Fig. 2: BATF3-dependent cDC1 dendritic cells are required for the optimal induction of anti-RV-specific IgA responses in the mLNs.

a–c Batf3^Het and Batf3^KO mice were orally infected with RV. a Representative flow cytometry plots for RV-VLP staining in the B220⁺CD138⁻ B cells (pre-gated on CD19⁺IgD⁻) and the total number of IgA⁺ and IgM⁺ and RV-specific B cells in the mLNs. b Representative flow cytometry plots for RV-VLP staining in plasmablasts (B220⁻CD138⁺; pre-gated on CD19⁺IgD⁻) and the total number of IgA⁺ and IgM⁺ and RV-specific plasmablasts at 7 days post infection. c Representative flow cytometry plots for CCR9 and α₄β₇ expression on the different IgA⁺ plasmablasts (concatenated data from three mice, representative of two independent experiments). d huCD207-DTA and wildtype mice were orally infected with RV. The total number of IgA⁺ and RV-specific B cells (top) or plasmablasts at 7 days post infection.
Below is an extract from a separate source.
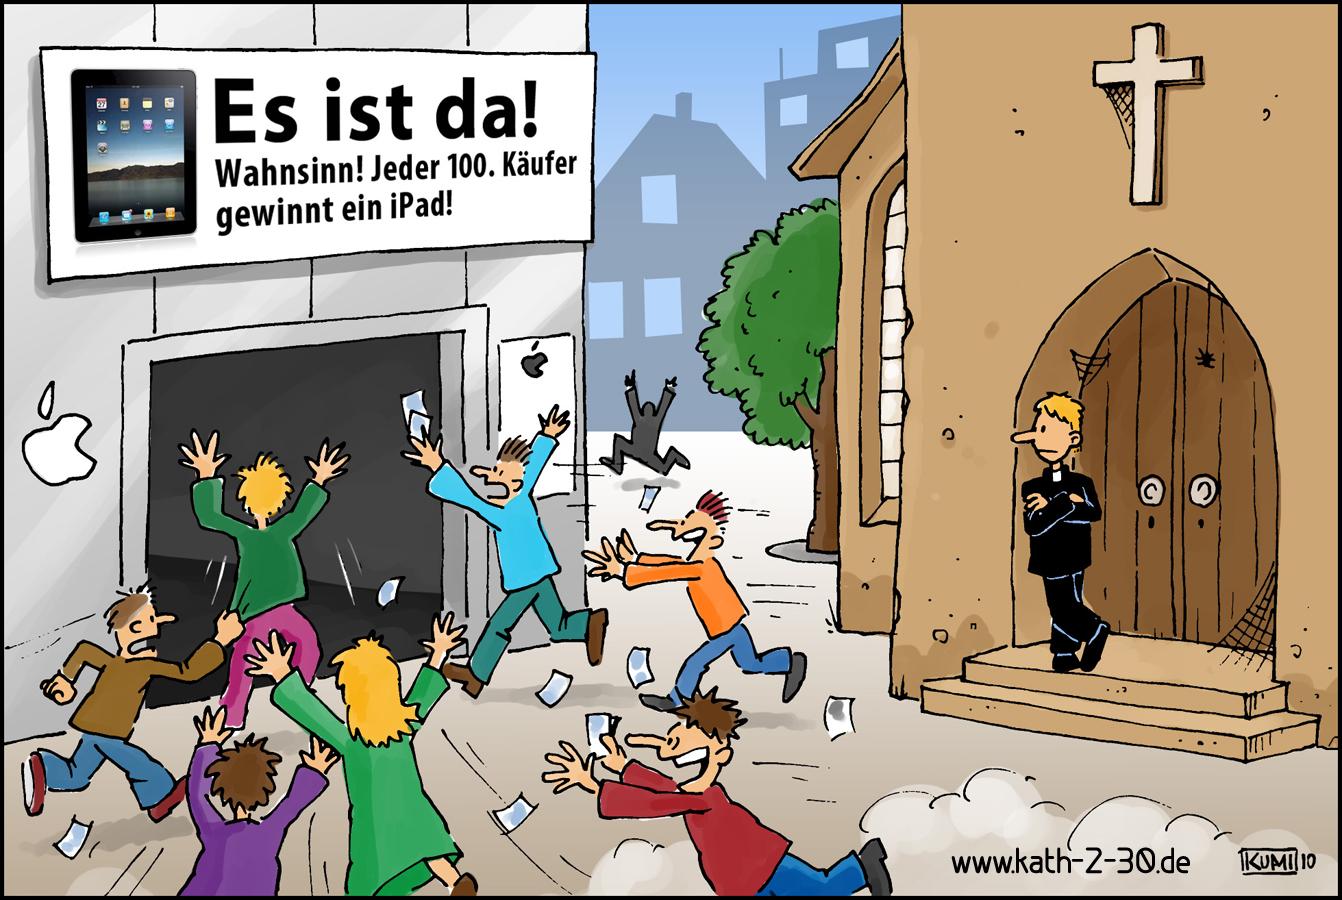 http://www.kath-2-30.de/wp-content/uploads/2010/05/iPad_1300x900.jpg

Cells were pre-gated as mentioned in a, b above. Dots represent data from individual mice. Data were collected from a, b six independent experiments, or d four independent experiments with 3–6 infected mice per experiment. Two-way ANOVA with Tukey post hoc test was performed for statistical analysis. *p < 0.05, **p < 0.01, ***p < 0.001. White symbols: HET; black symbols: KO; shaded bars: RV-infected.